For lenders and creditors not familiar with the Eastern District of New York, the result in Smoot is especially significant, as the same court in 2009 had allowed a Chapter 7 debtor to avoid its wholly unsecured claim. This unpublished decision in In re Lavelle had been one of the only other opinions in the nation to allow lien stripping in Chapter 7 proceedings before McNeal.
Smoot’s analysis is directly in line with the pre-McNeal decision within the Eleventh Circuit, exemplified by Judge Jennemann’s opinion in In re Hoffman, which held that Congress did not intend to provide Chapter 7 debtors the right to avoid an allowed secured claim, even if that claim were not secured by any value in the collateral.
Perhaps as important as the rejection of McNeal’s lien-stripping allowance was the strong distinction that Smoot made between lien modifications in Chapter 7 and 13 cases. As discussed in the “Chapter 20” post below, the Eleventh Circuit has allowed Chapter 13 debtors to strip off wholly unsecured junior mortgages since the 2000 decision of In re Tanner. The Second Circuit followed suit in 2001, in the case of In re Pond. Because debtors have been successful stripping off in Chapter 13 cases, many have attempted to adopt Tanner, Pond and their progney to support Chapter 7 stripping.
The court in Smoot correctly held that this argument overlooked the “unique statutory predicate of Chapter 13” – specifically, that Pond & Tanner rely upon § 1322(b)(2) to strip off the wholly unsecured junior mortgage. This is important because there is no analogue to the anti-modification language in § 1322(b)(2) under Chapter 7. Thus, a debtor cannot rely upon a permissive lien strip in a Chapter 13 to support a strip in a Chapter 7, as the debtor had in Lavelle.

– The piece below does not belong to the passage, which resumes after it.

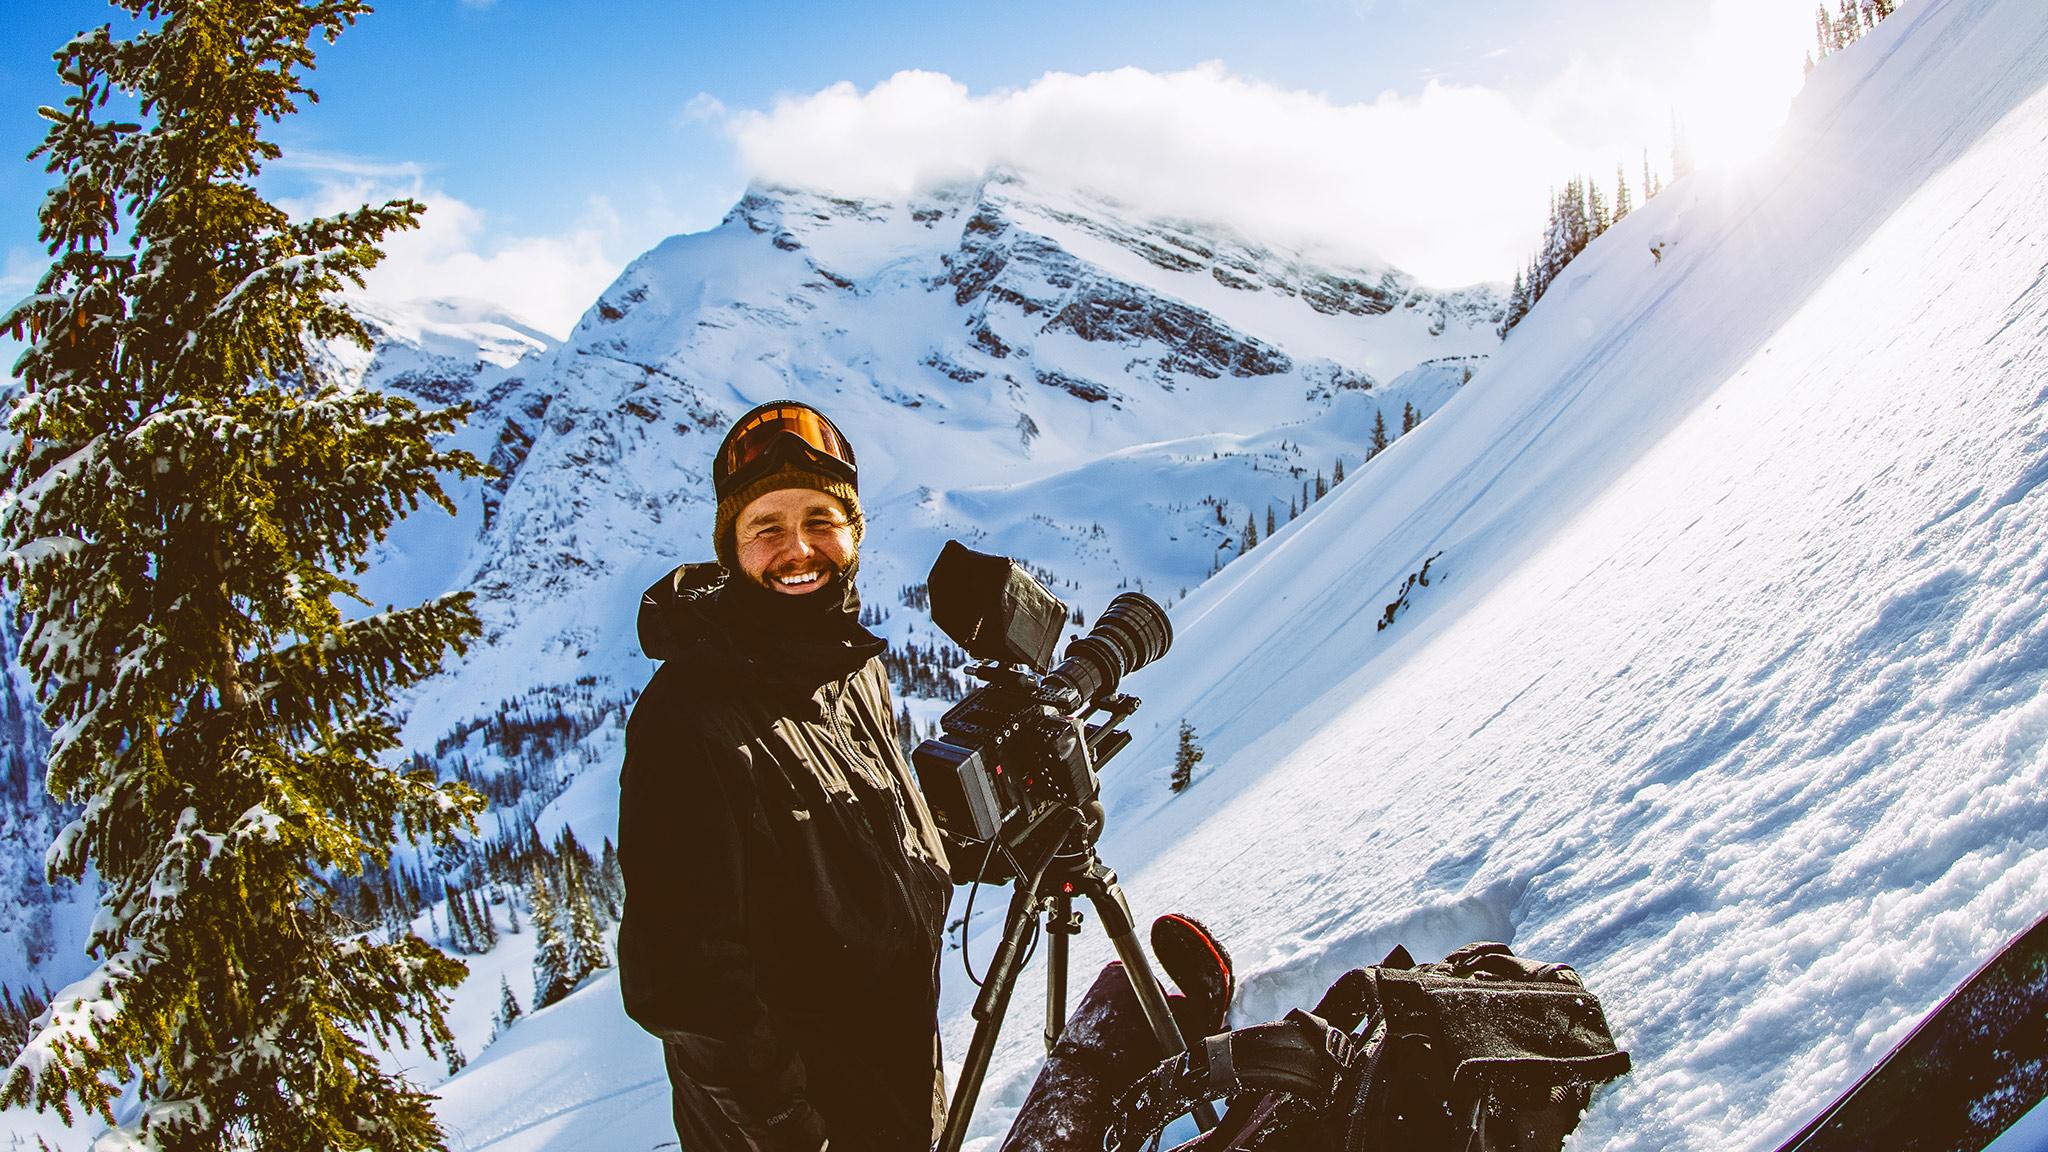 Rencz's filmer: Aaron Leyland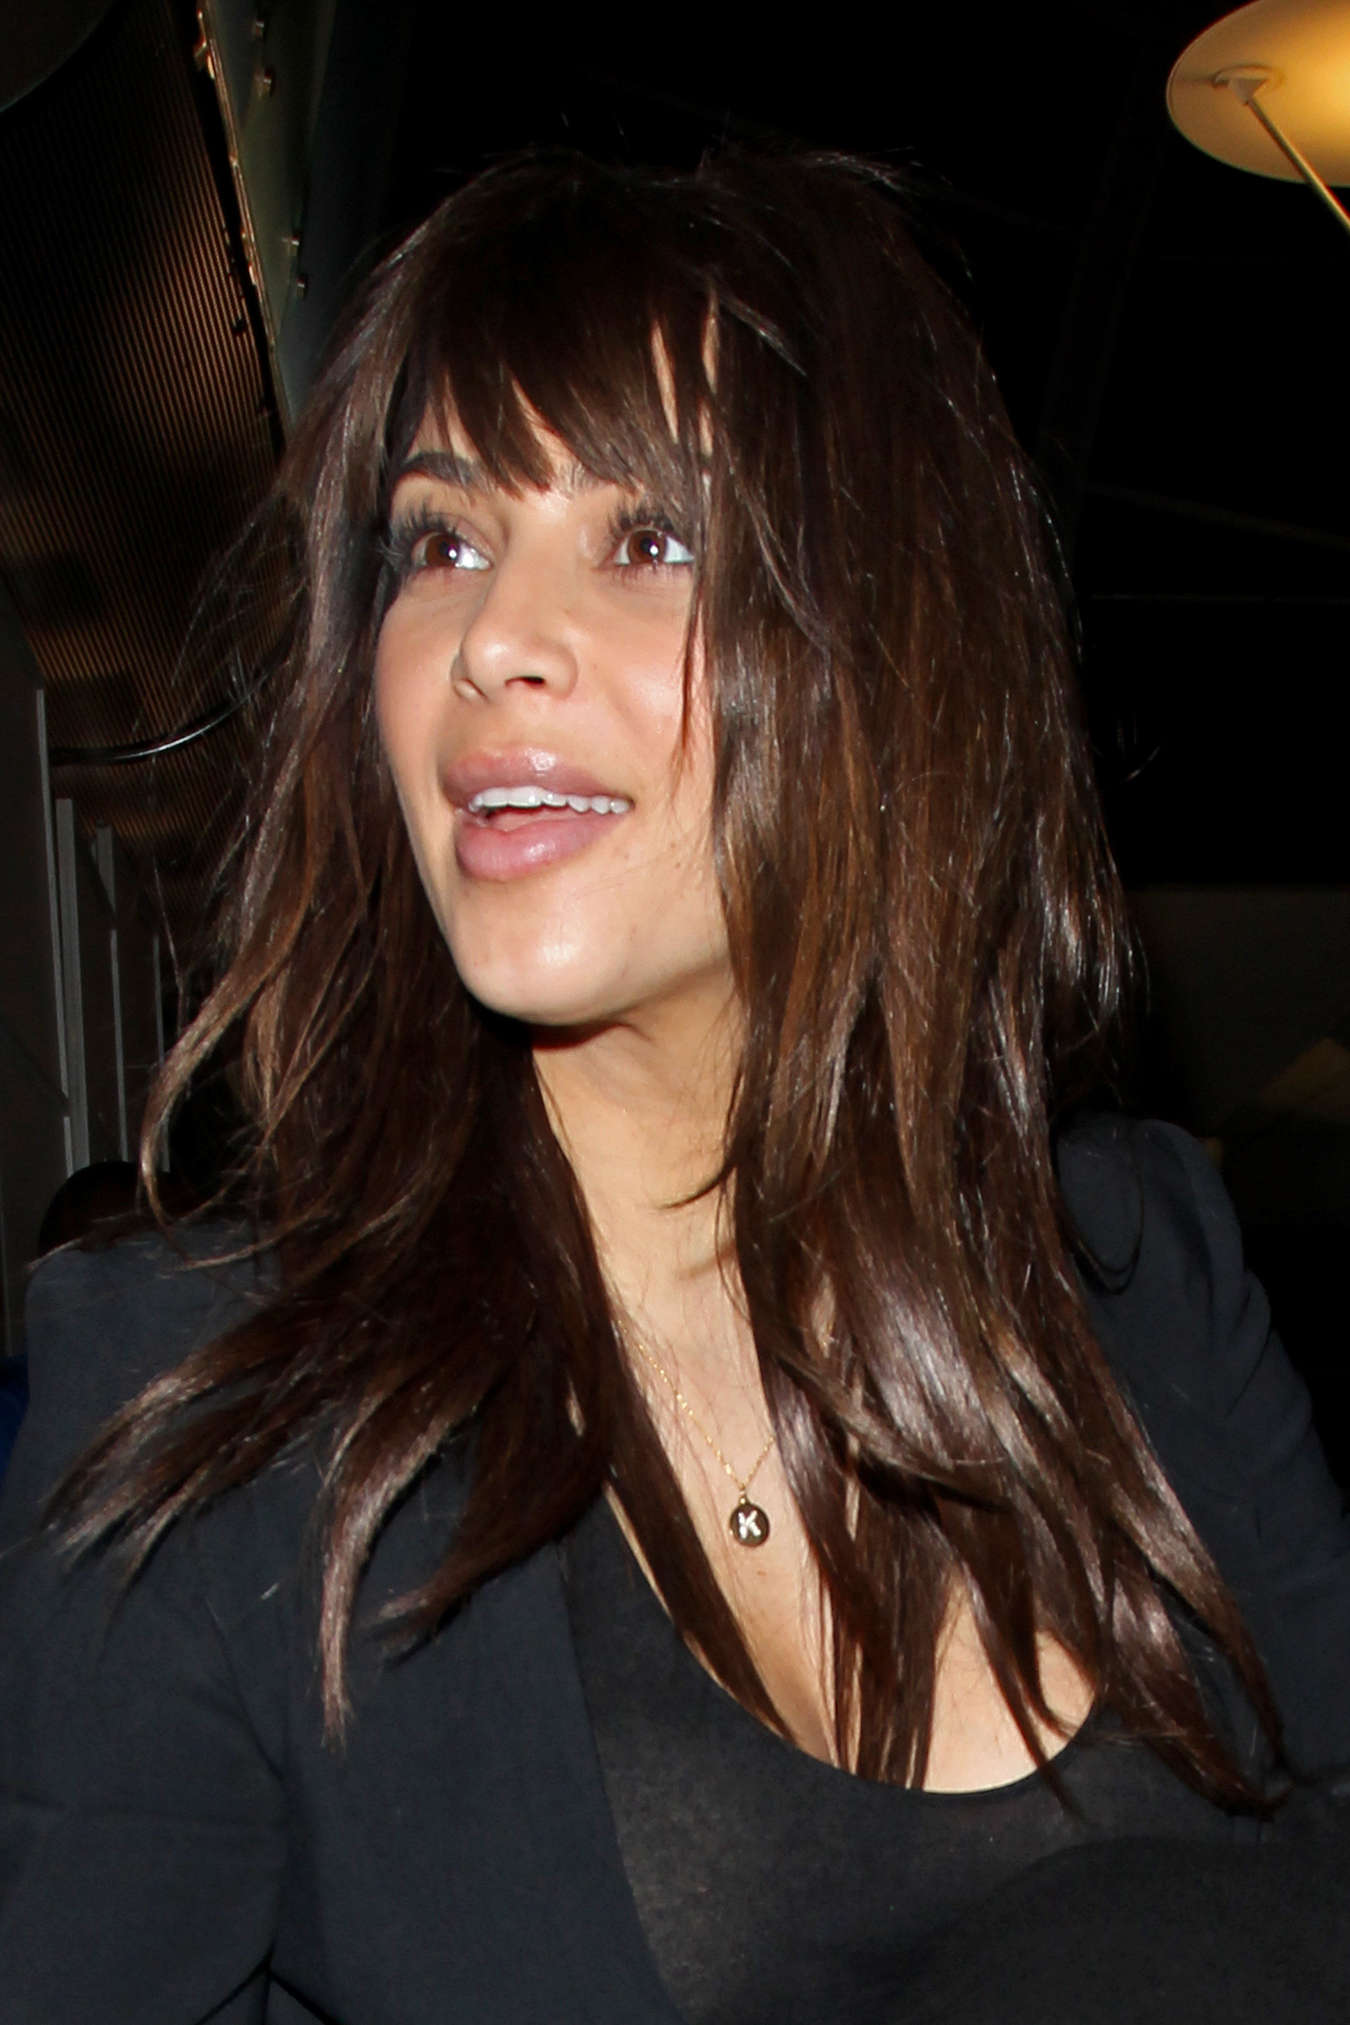 Kim Kardashian Haircut Name Hrotelrehberii

Although McNeal did not directly rely upon Lavelle or Chapter 13 case law, Smoot serves to further isolate McNeal’s position in the consumer creditor landscape. Further, Smoot provides clear and succinct guidance to subsequent courts who are faced with a Chapter 7 debtor attempting to invoke Chapter 13 jurisprudence to strip a lien.
Ultimately, Smoot is good news for lenders and other creditors, even outside the Eastern District of New York, as it illustrates once more the majority position that even wholly unsecured junior liens should survive the Chapter 7 liquidation.